● **Supplied information**:

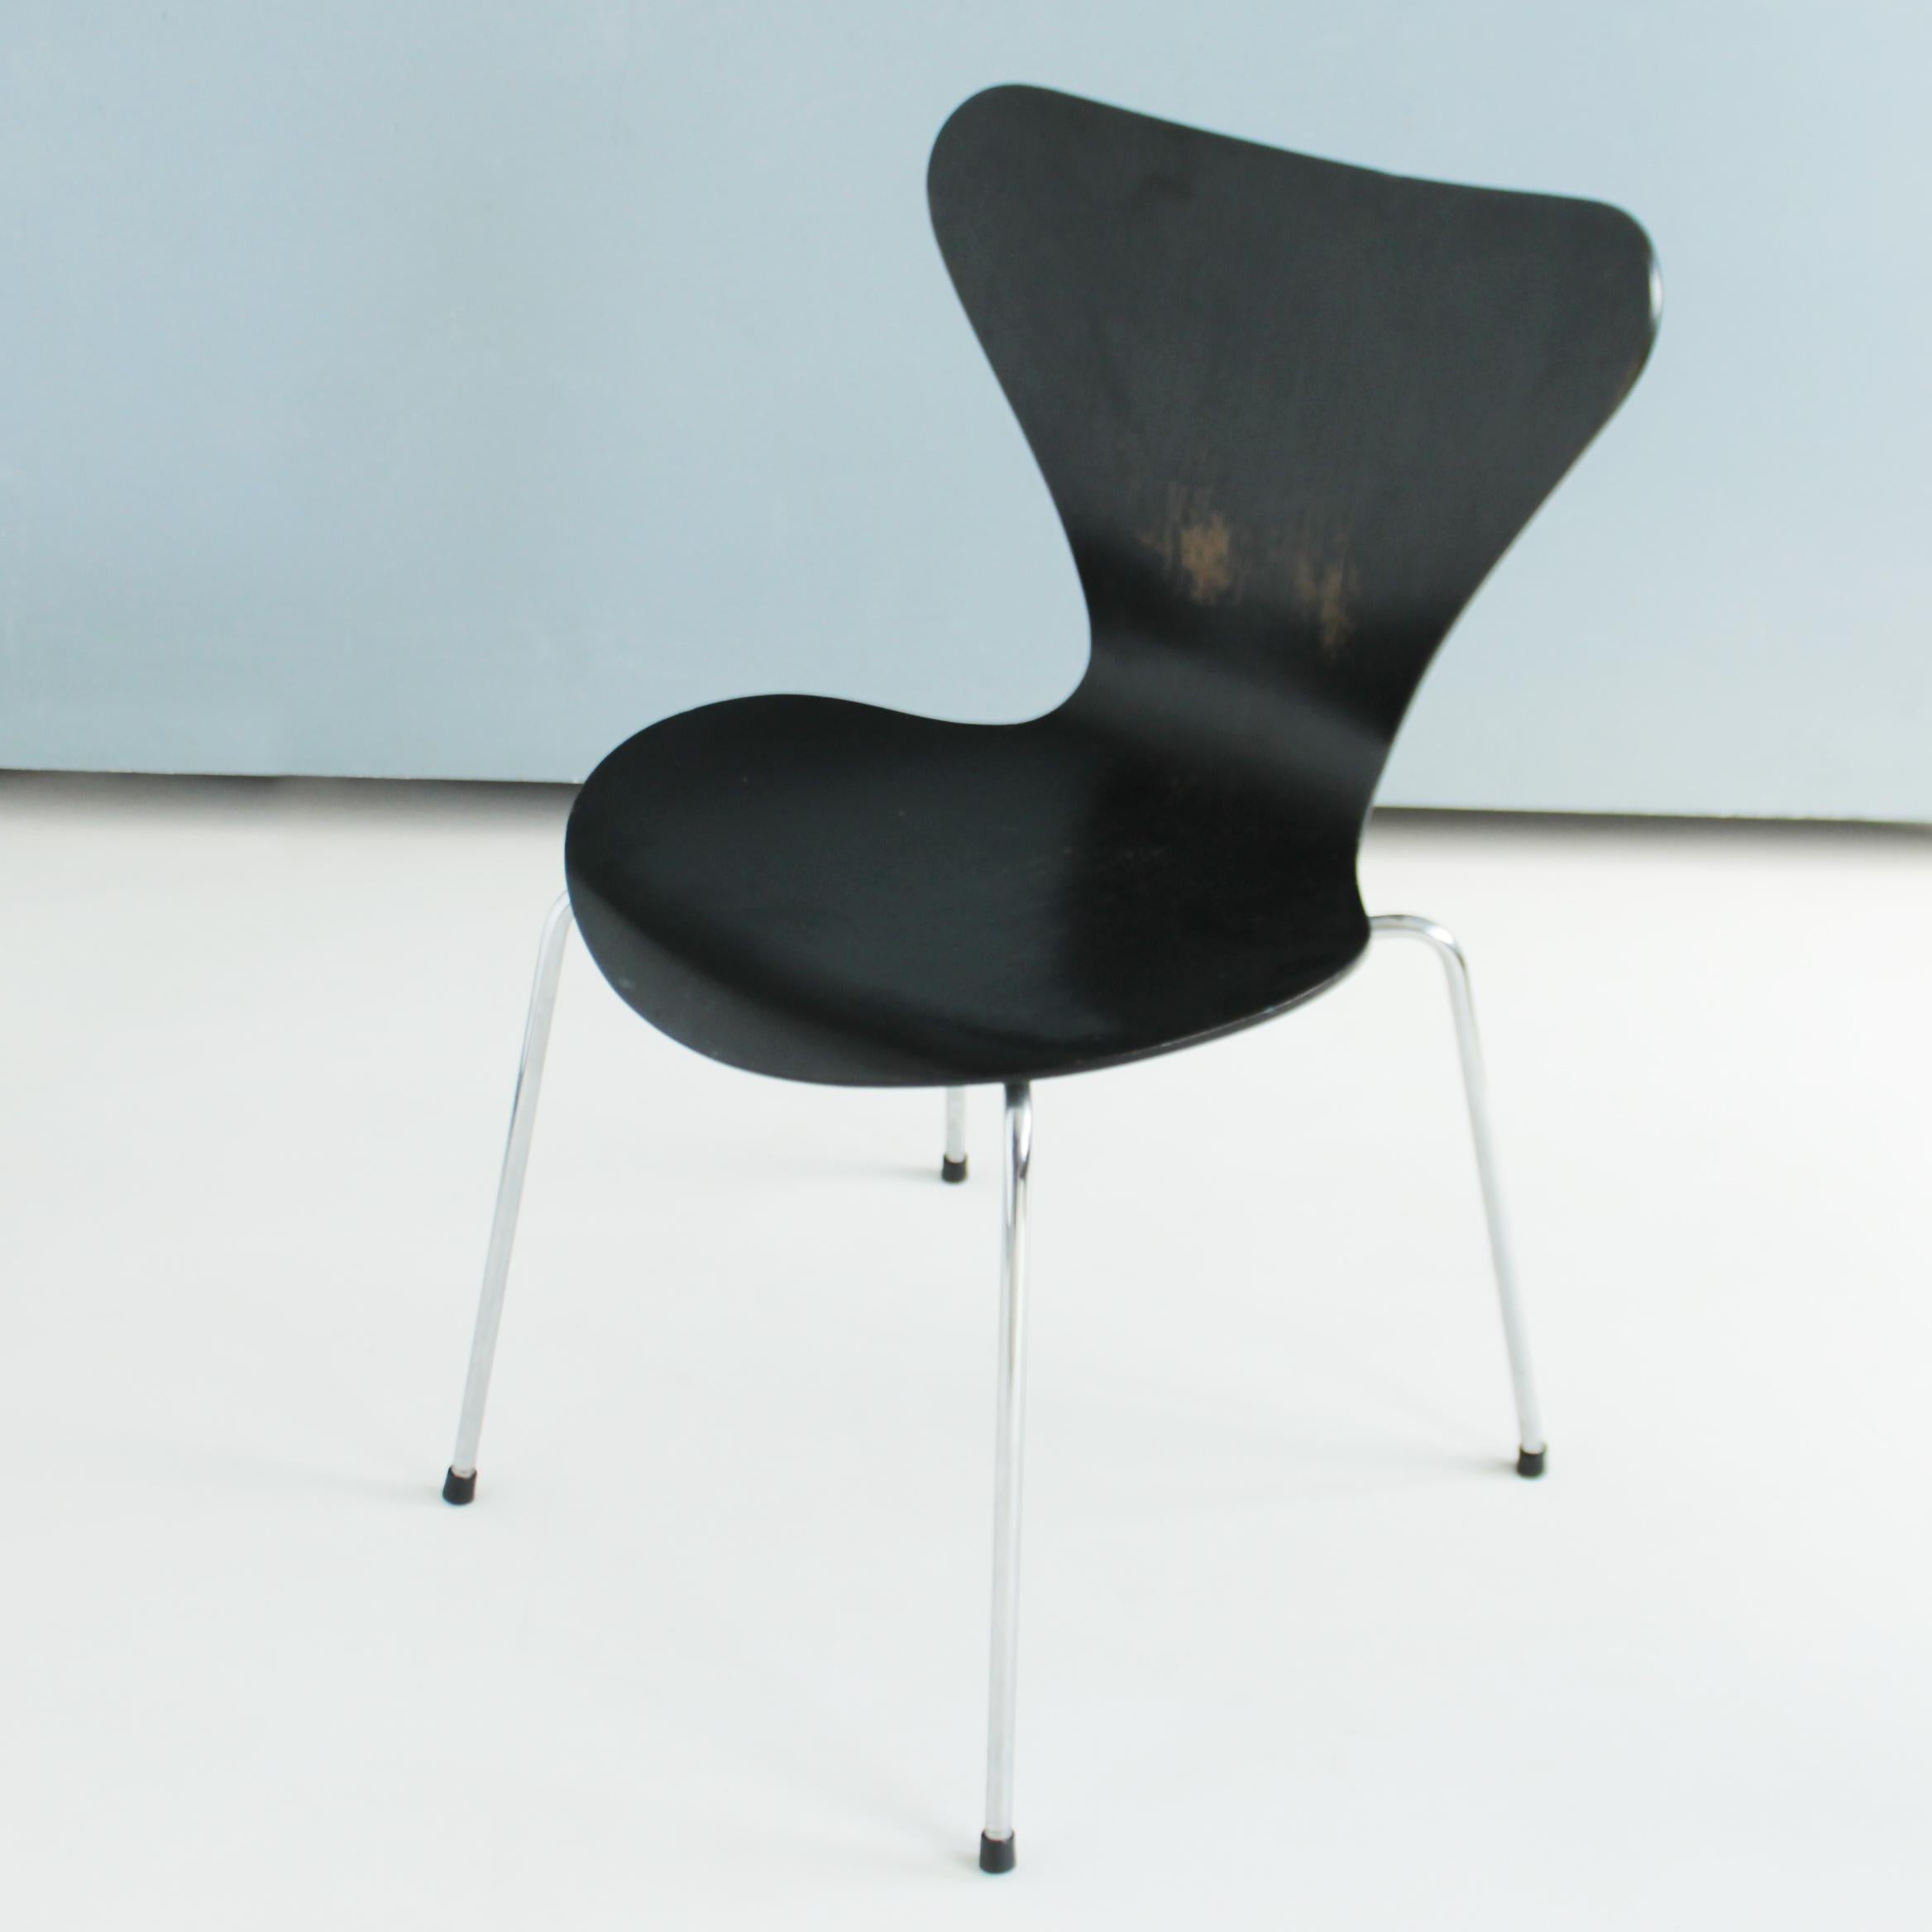 Stained Arne Jacobsen Series 7 Chairs by Fritz Hansen
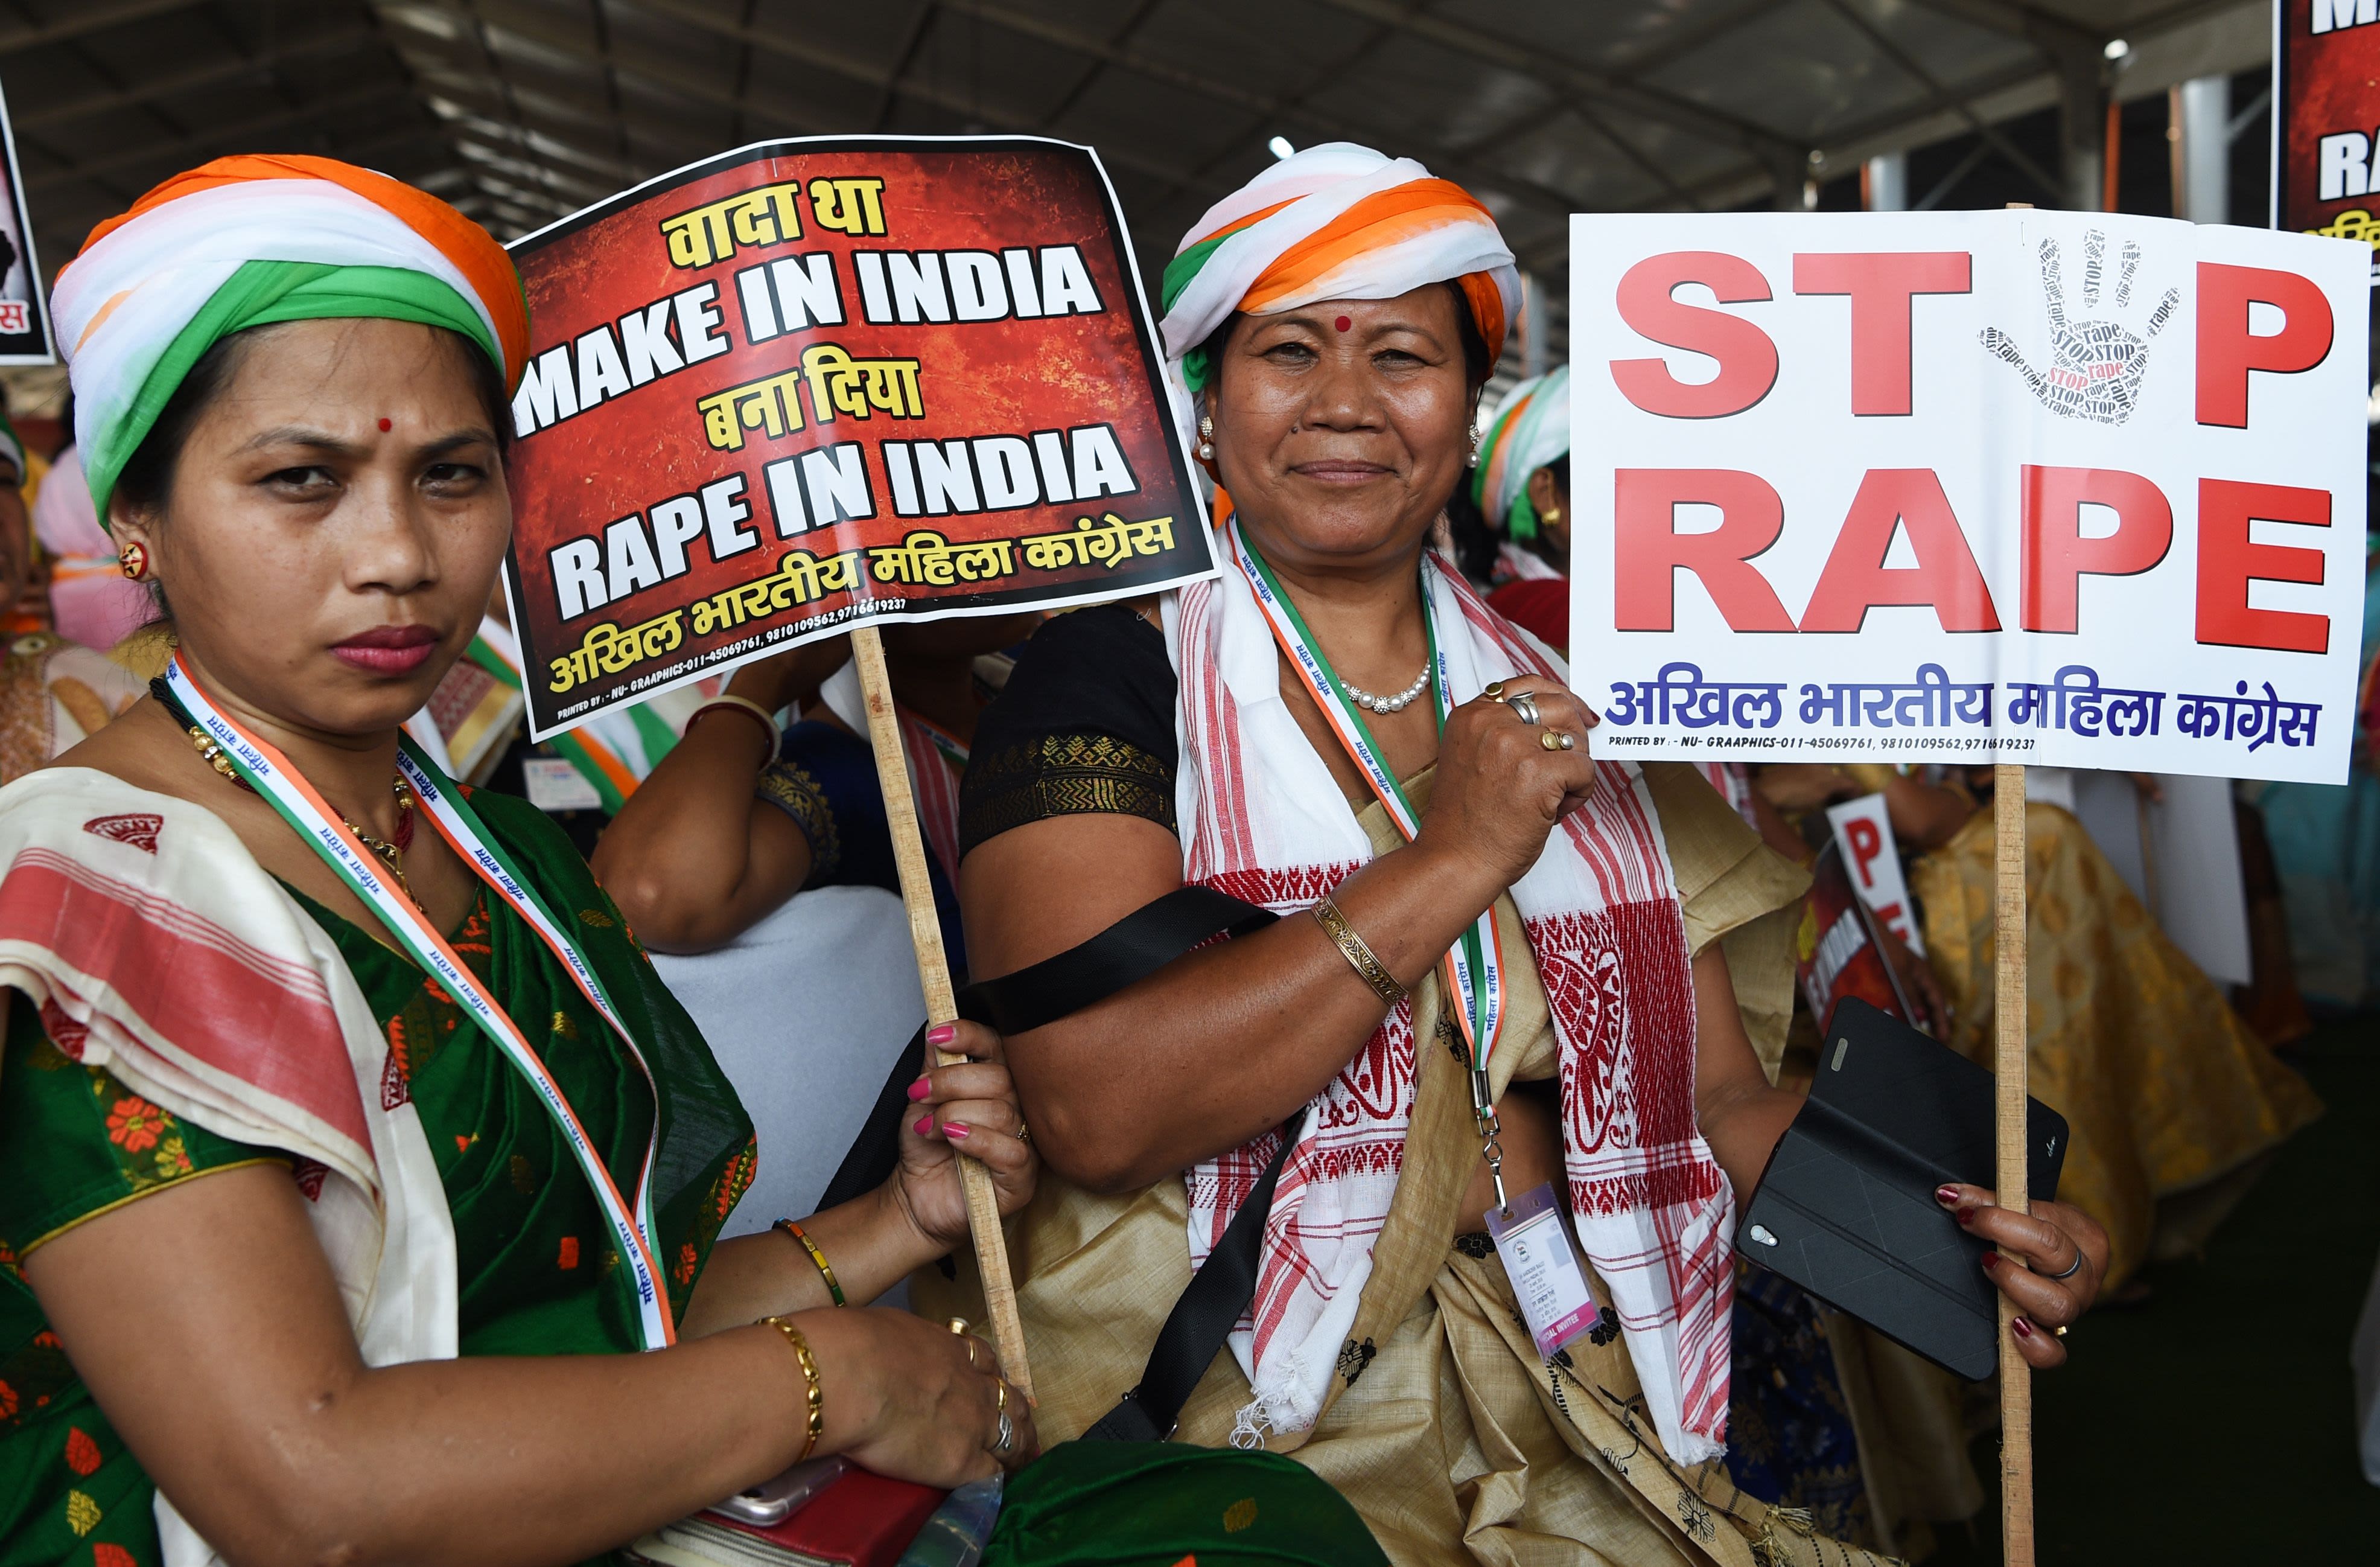 Rape X Hindi - India launches sex offenders registry, amid spate of rape cases | CNN
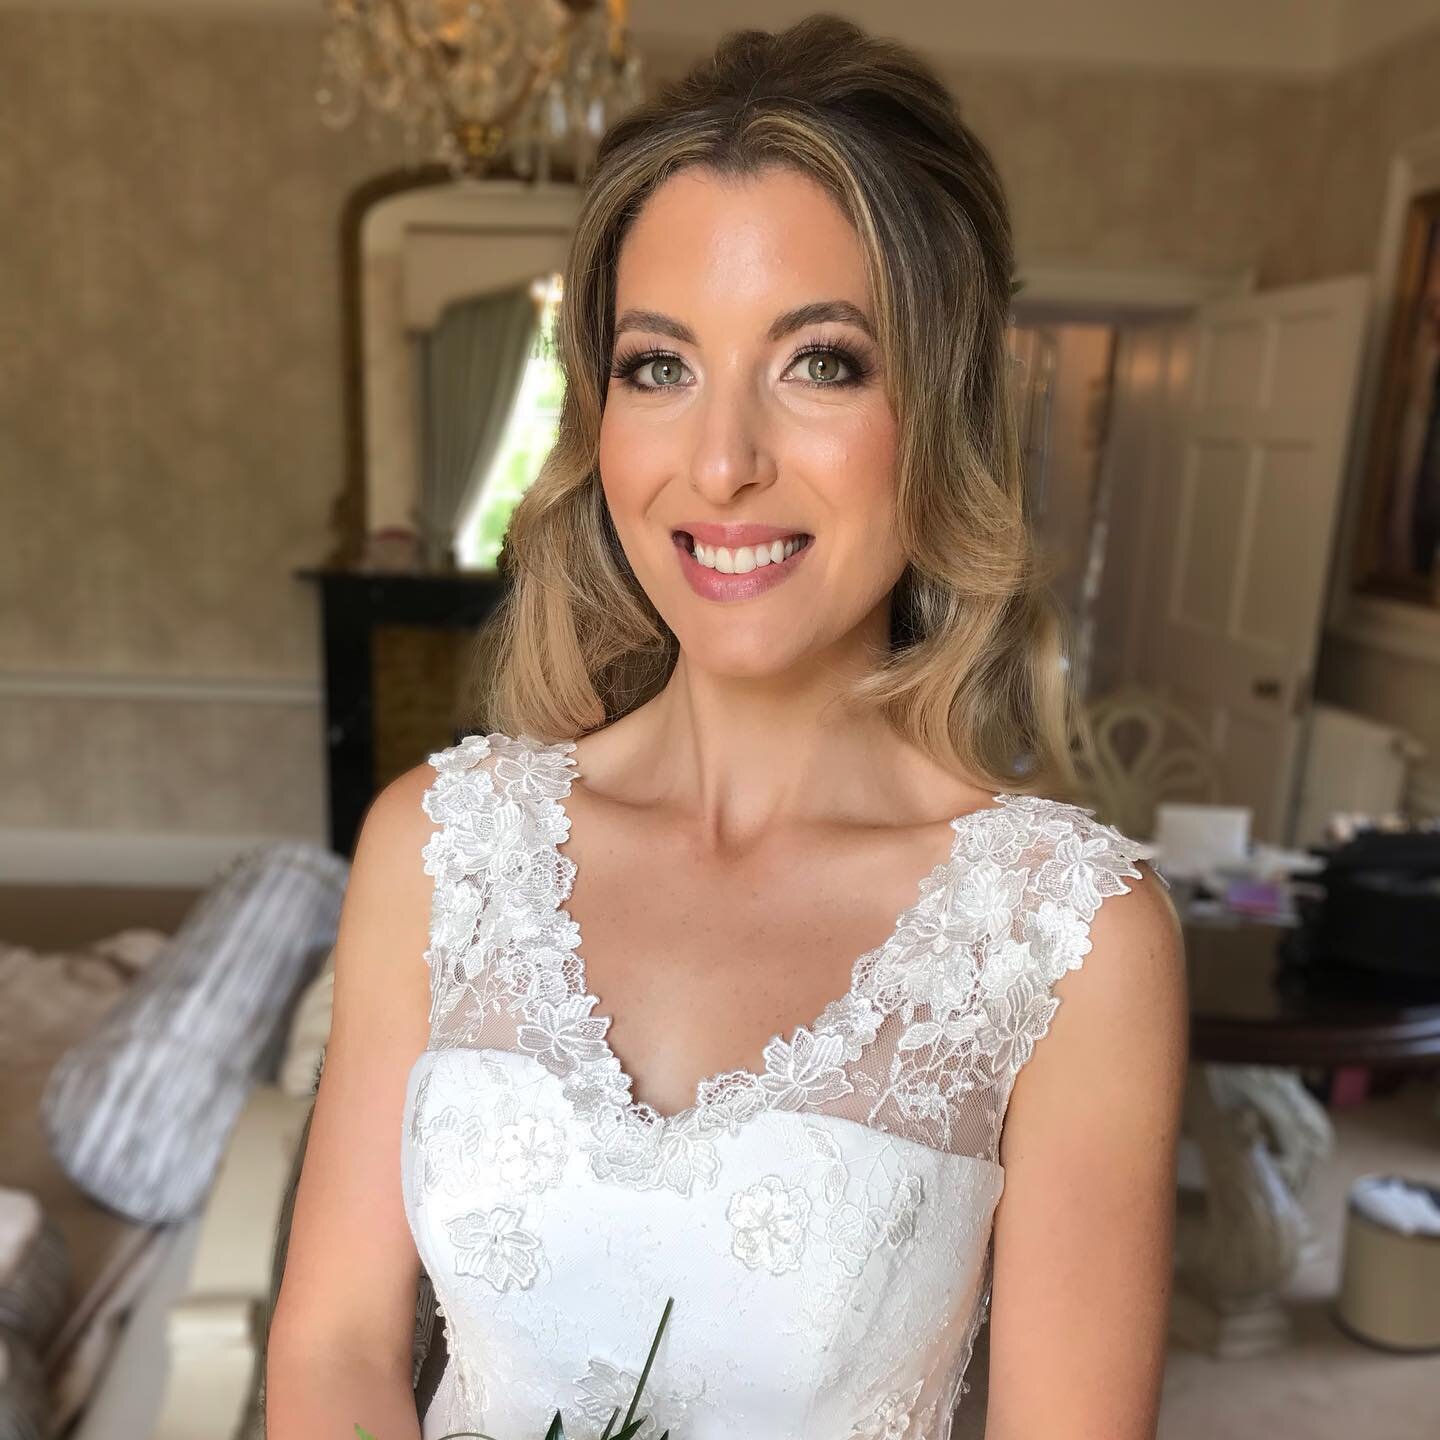 Stunning Aimee 😍 Love a mid week wedding 💒 👰 Always so much fun when I get to do both hair and makeup 🤗
Today I only did Amiee (bride) and her mother as it was a small wedding. I normally recommend to my brides that I stick to either hair OR make

● **What you have to do**:
In your copy, leave out the pictures and reproduce the material above exactly.

● **Written solution**:
 Stained Arne Jacobsen Series 7 Chairs by Fritz Hansen
 Rape X Hindi - India launches sex offenders registry, amid spate of rape cases | CNN
 Stunning Aimee 😍 Love a mid week wedding 💒 👰 Always so much fun when I get to do both hair and makeup 🤗
Today I only did Amiee (bride) and her mother as it was a small wedding. I normally recommend to my brides that I stick to either hair OR make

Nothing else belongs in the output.